Keep images out and repeat all data exactly.

***** Dataset extract *****

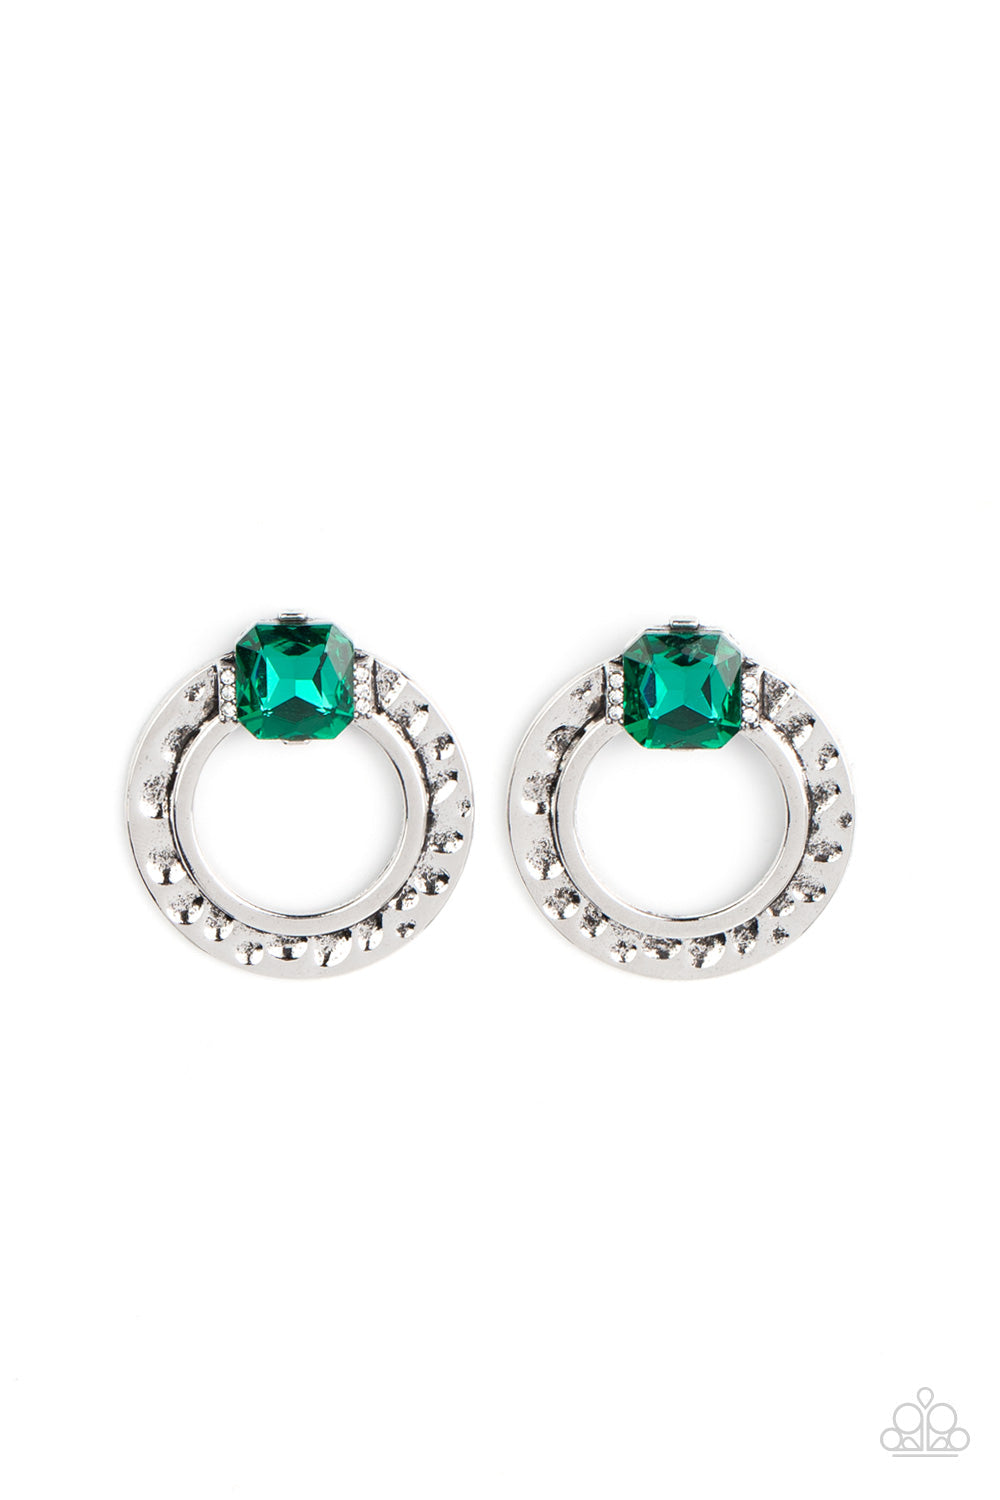 Smoldering Scintillation - Green and Silver Earrings - Paparazzi Accessories - Featuring a radiant cut, a green rhinestone sparkles between two dainty rows of glassy white rhinestones atop a hammered silver ring for a gritty yet glamorous finish. Earring attaches to a standard post fitting. Bejeweled Accessories By Kristie - Trendy fashion jewelry for everyone -
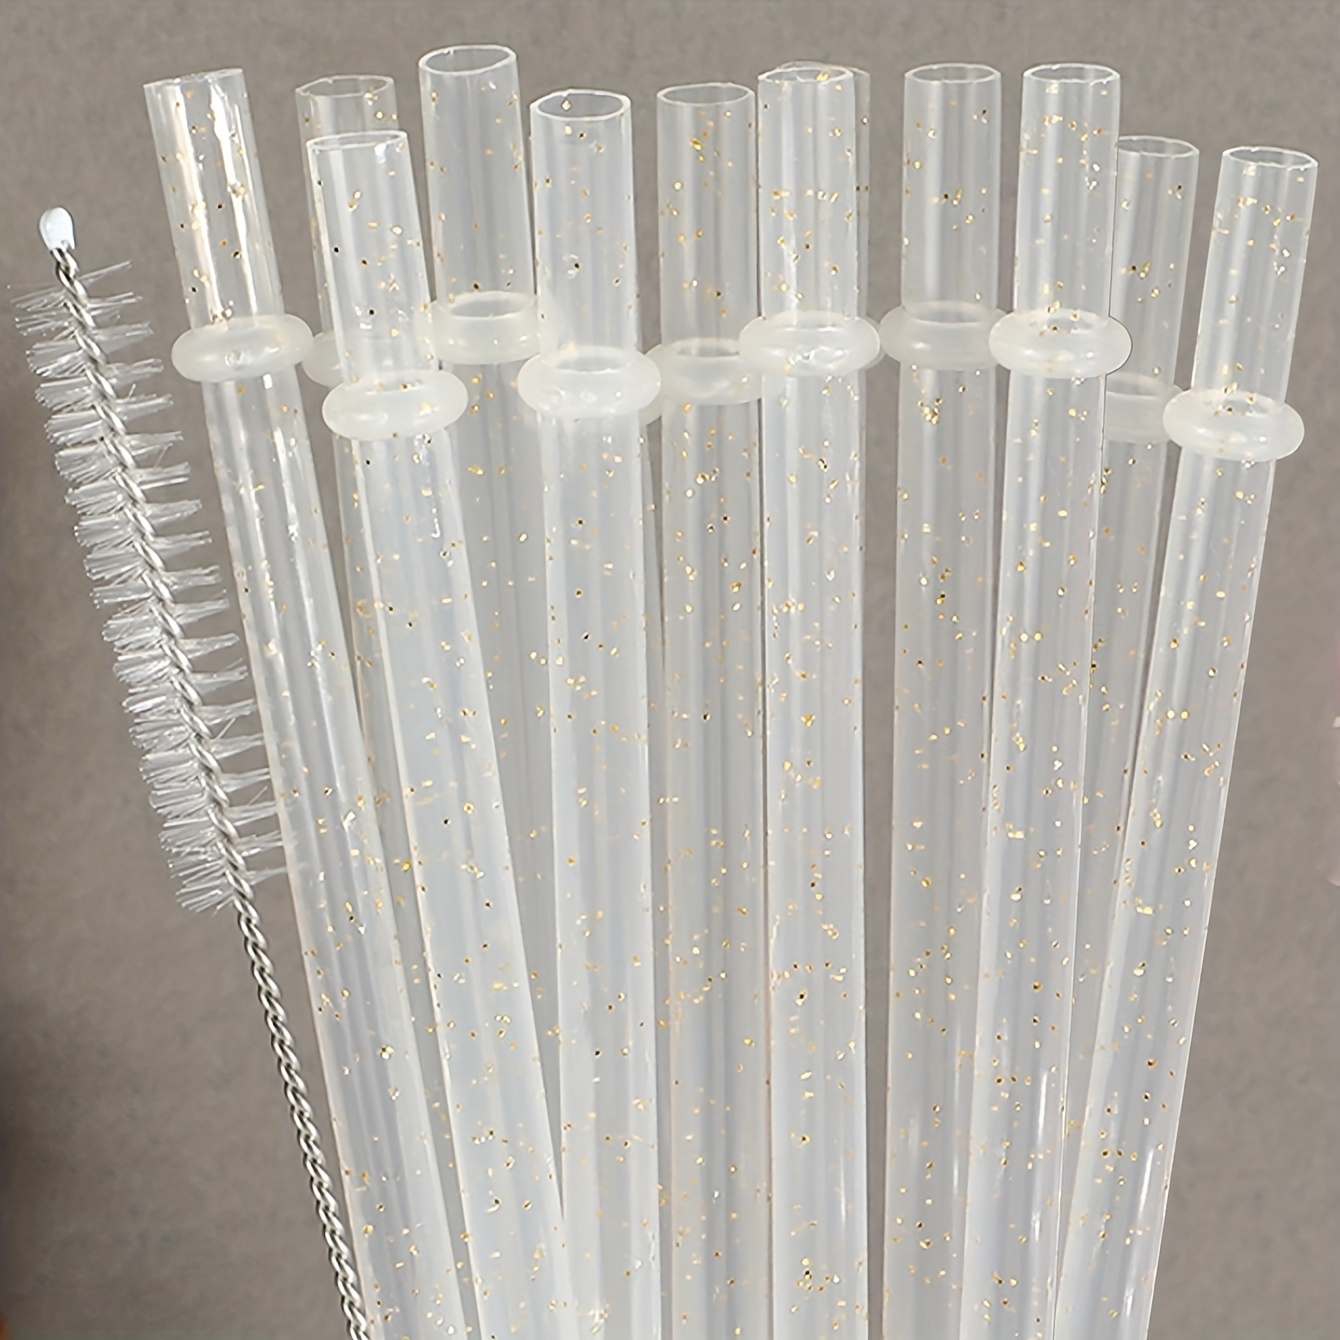 

12pcs Reusable Plastic Straws With Cleaning Brush, 9 Inches Long Straw, Fits 24oz-30oz Mason Jars/glass, Party Supplies
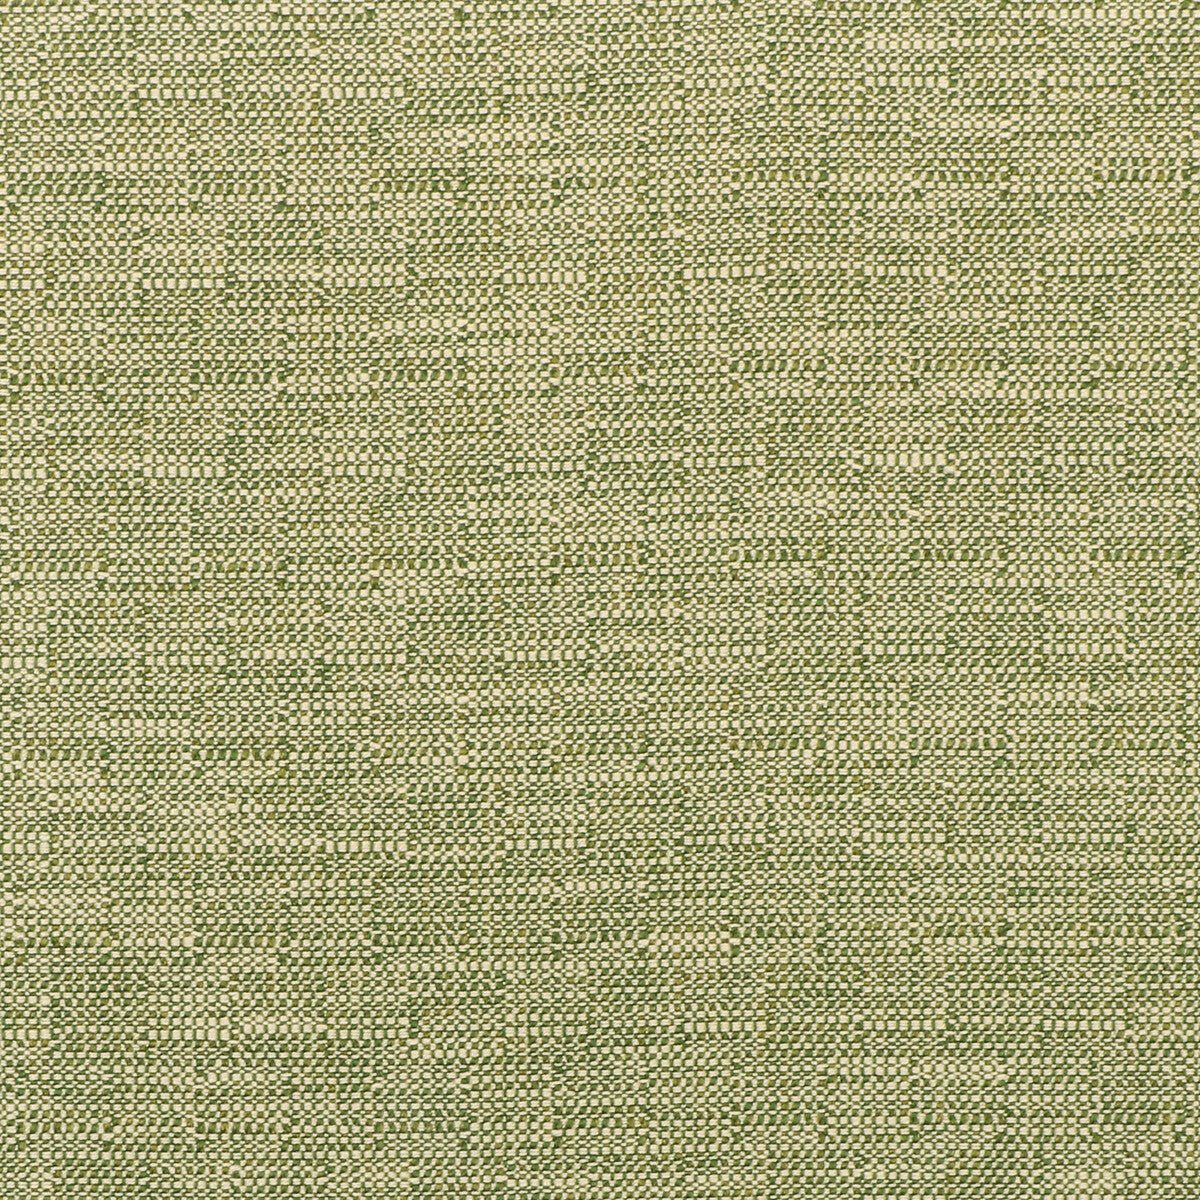 Kravet Smart fabric in 35518-30 color - pattern 35518.30.0 - by Kravet Smart in the Inside Out Performance Fabrics collection

*****

## [Output of the task]
 Smoldering Scintillation - Green and Silver Earrings - Paparazzi Accessories - Featuring a radiant cut, a green rhinestone sparkles between two dainty rows of glassy white rhinestones atop a hammered silver ring for a gritty yet glamorous finish. Earring attaches to a standard post fitting. Bejeweled Accessories By Kristie - Trendy fashion jewelry for everyone -

12pcs Reusable Plastic Straws With Cleaning Brush, 9 Inches Long Straw, Fits 24oz-30oz Mason Jars/glass, Party Supplies
 Kravet Smart fabric in 35518-30 color - pattern 35518.30.0 - by Kravet Smart in the Inside Out Performance Fabrics collection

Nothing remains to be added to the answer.